Not having permission to seek employment, many of the refugees work day labor, in restaurants, in construction, as mechanics or even as prostitutes. Oftentimes children shine shoes to help their families.
“We want to travel outside to live in Europe or Australia, but not here,” Mikah said. “We will not return to Iraq — not now, not in 50 years. It’s not safe there. They’re killing all the Christians.”
Bishop Josef Absi, patriarchal vicar of the Greek Melkite Church in Damascus and president of Caritas Syria, said the Church is dedicated to helping Iraqi refugees. Most of the refugees in Syria are in Damascus.
“We try, but we can’t cover all the needs,” he said. Caritas offers help with food and non-food items, medical assistance and other aid. The bishop said most refugees needed help with rent and other fees.
In Syria, refugees must renew their “guest” status every few months.
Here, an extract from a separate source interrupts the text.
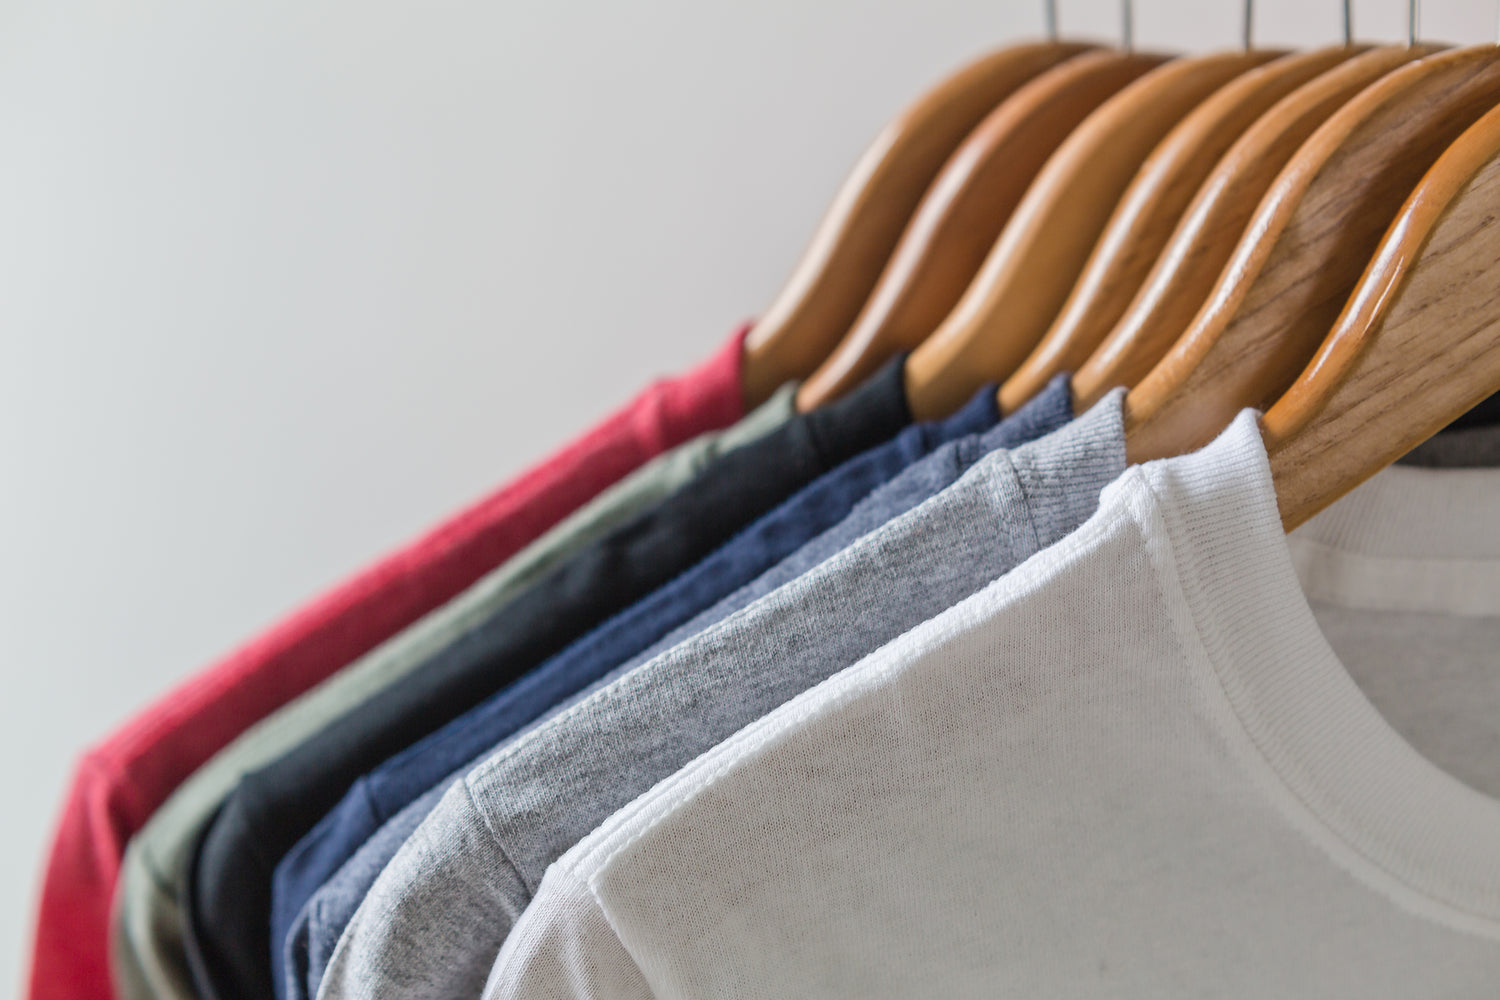 Row of shirts on hangers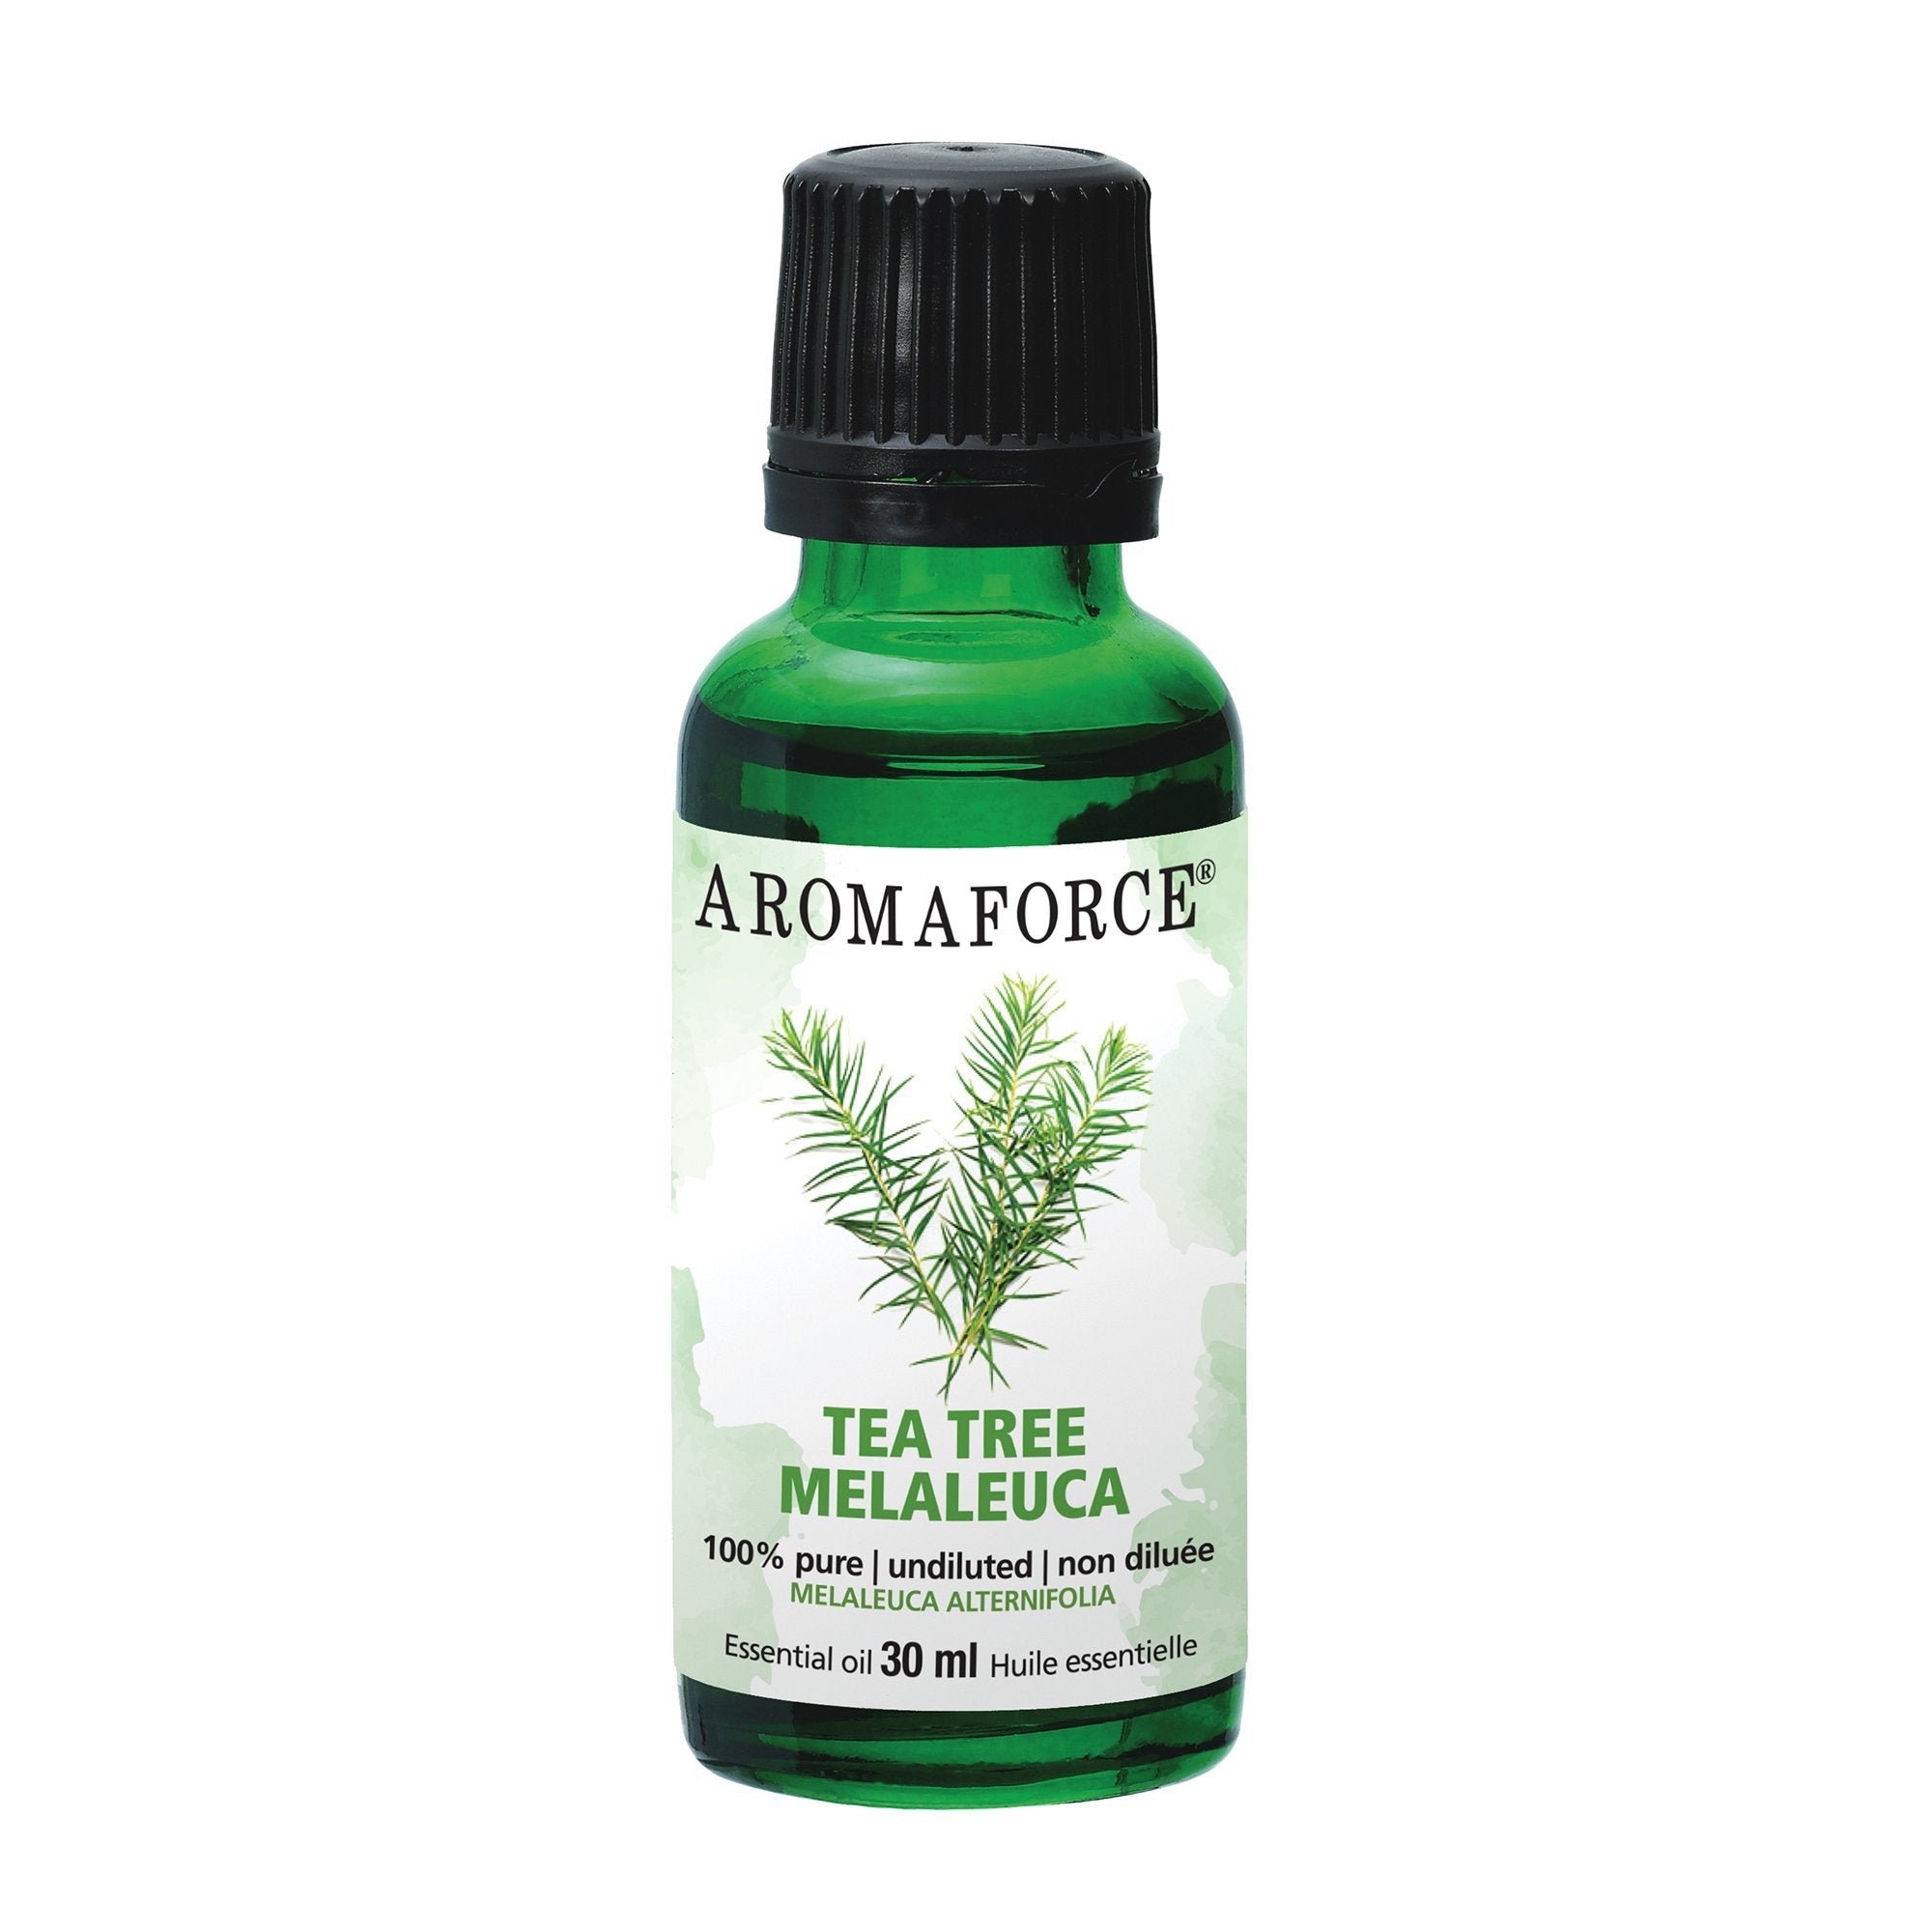 Aromaforce Tea Tree Essential Oil 30mL - A.Vogel Canada

“We put our hearts and our efforts to helping them, but we don’t know how long we can make it,” Bishop Absi said. The Catholic Church works with the Eastern Orthodox Church as well as with Protestant communities.
The biggest problem the Church in Syria faces is in offering psychological counseling to the refugees, the bishop said. Culturally, refugees tend to reject psychological therapy. There’s also a shortage of psychologists.
But the Good Shepherd sisters of Syria are trying to provide that help. They help victims of domestic violence and their children, offering a safe place to stay and a hotline.
It’s a good beginning, Bishop Absi said, because the refugees shoulder a heavy emotional burden.
“They’re in a situation where they don’t know the future of Iraq,” he said. “I don’t know for the Muslim people, but for the Christian people, there’s no one to protect them in Iraq.”
Coming to America
Two years ago, Fares Butras brought his family from Baghdad to Turkey. It was easier for them to get a visa because their daughter has a mental disability. But Butras, who worked in an oil refinery in Iraq, couldn’t find work there.
Thanks to the work of Catholic Charities, Butras and his family now live in Phoenix. Butras, who is quickly picking up English, works at a Denny’s restaurant. He is happy.
“God will continue to bless America for reaching out to us,” he said.
His wife, Marygret, stays at home and cares for their daughter.
“When we arrived, we were still scared of saying what we wanted to say,” she said. Now it’s different.
“America has become our mother. Only a mother can reach out to her children and bring them to her bosom,” she said. “Only a mother would open her heart to them.”
The couple, who attend the Mar Abraham Chaldean Catholic Church, are part of a growing number of Iraqi refugees in the Valley through the work of Catholic Charities. Once resettled, Iraqi refugees will stay.
“America is a dream come true for us,” Marygret said. “If you reach your dream, why would you ever go back?”